Luke shook his head. “Ignore him. He’s peeved because he has no power in enforcing.”
“He will if he has his way.”
“He won’t.” The good of the pack always came first. He’d learned that by watching his father lead.
James’s face went serious. “I hope not. I’ll go rogue before I’ll serve a tyrant like that. I know he’s your cousin and all…but, shit. He scares me. A lot of us.”
“Nothing to worry about. He won’t become alpha.”
James furrowed his brow. “You’ve only got about a month before your old man retires. You can find a mate by then?”
“If I’m going to become alpha, I don’t have a choice.” He rose to his feet and stepped around his desk, settling into a large leather office chair that squeaked as it absorbed his weight. He’d have to get the WD-40 after it soon. Picking up a pen and a pad of paper, he squared his gaze on James. No more friendliness. It was time to play his role as enforcer.
“The monster attacking that woman smelled like a demon. He gave you every reason to believe he came straight from hell, but he wasn’t a demon. At least, not full demon.”
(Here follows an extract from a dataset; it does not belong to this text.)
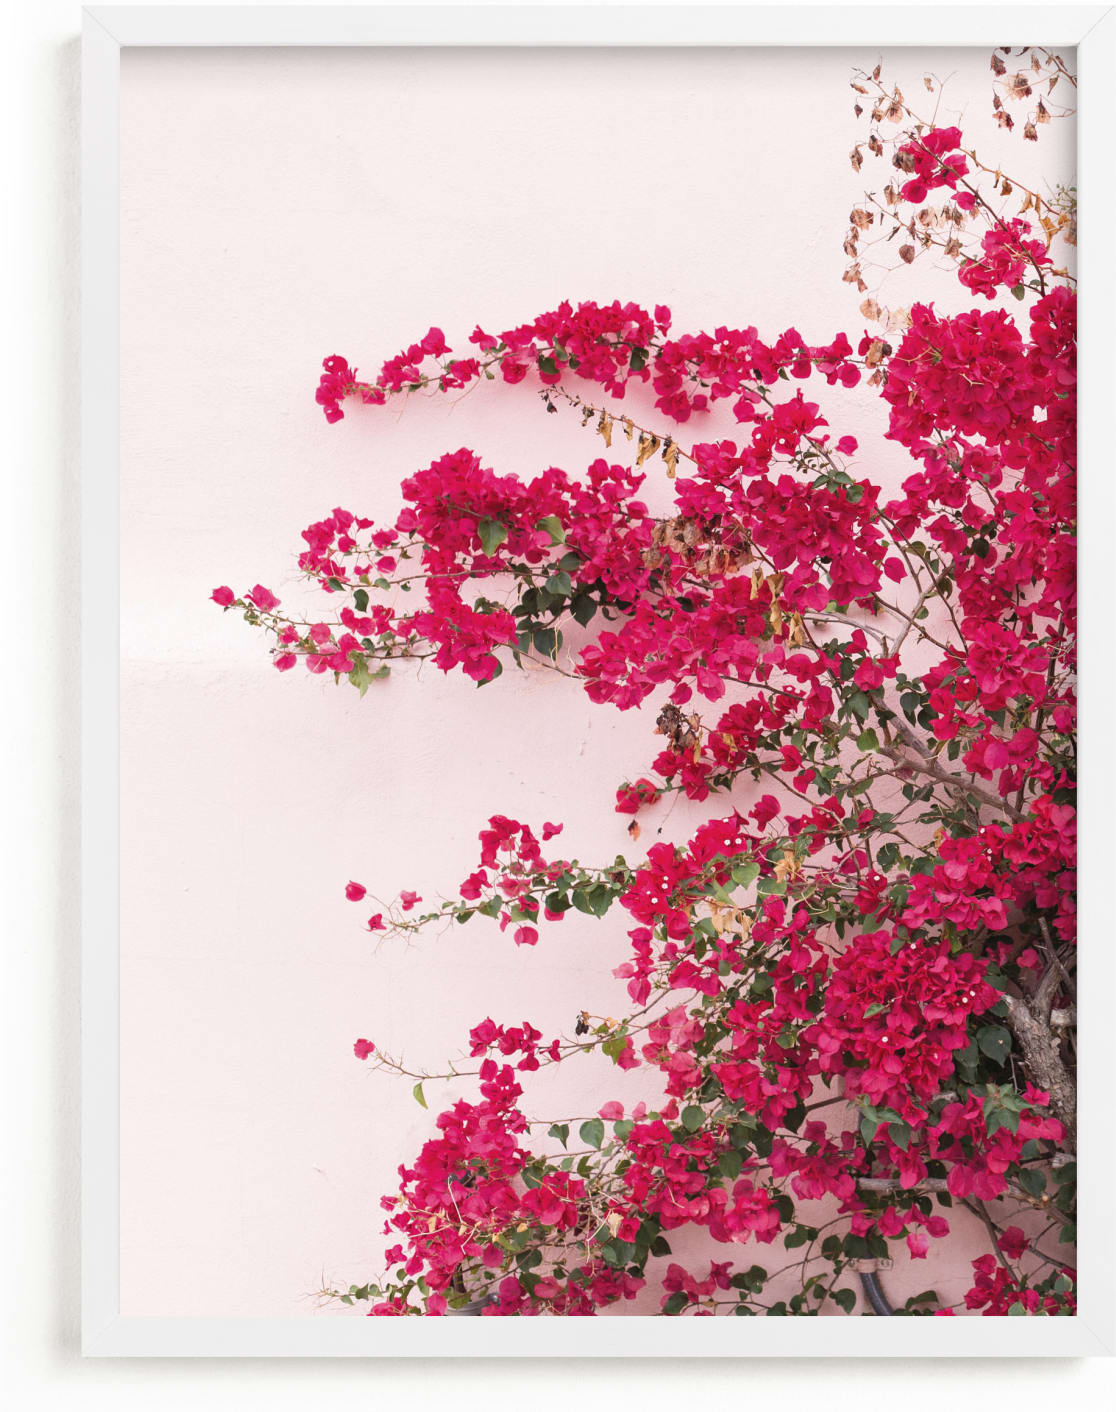 This is a pink art by The One With Wanderlust called Bright Bougainvillea.

James twisted in his seat. Sweat beaded on his forehead. Luke’s main job was to deal with rogues and other rule-breakers. Not a job he enjoyed, but he didn’t have a choice. His father was pack leader, which made Luke second in command. He couldn’t stand seeing his friend cower like this, but he had to keep his aura of power strong to keep the pack under control.
“Tell me what happened, James. From the beginning.”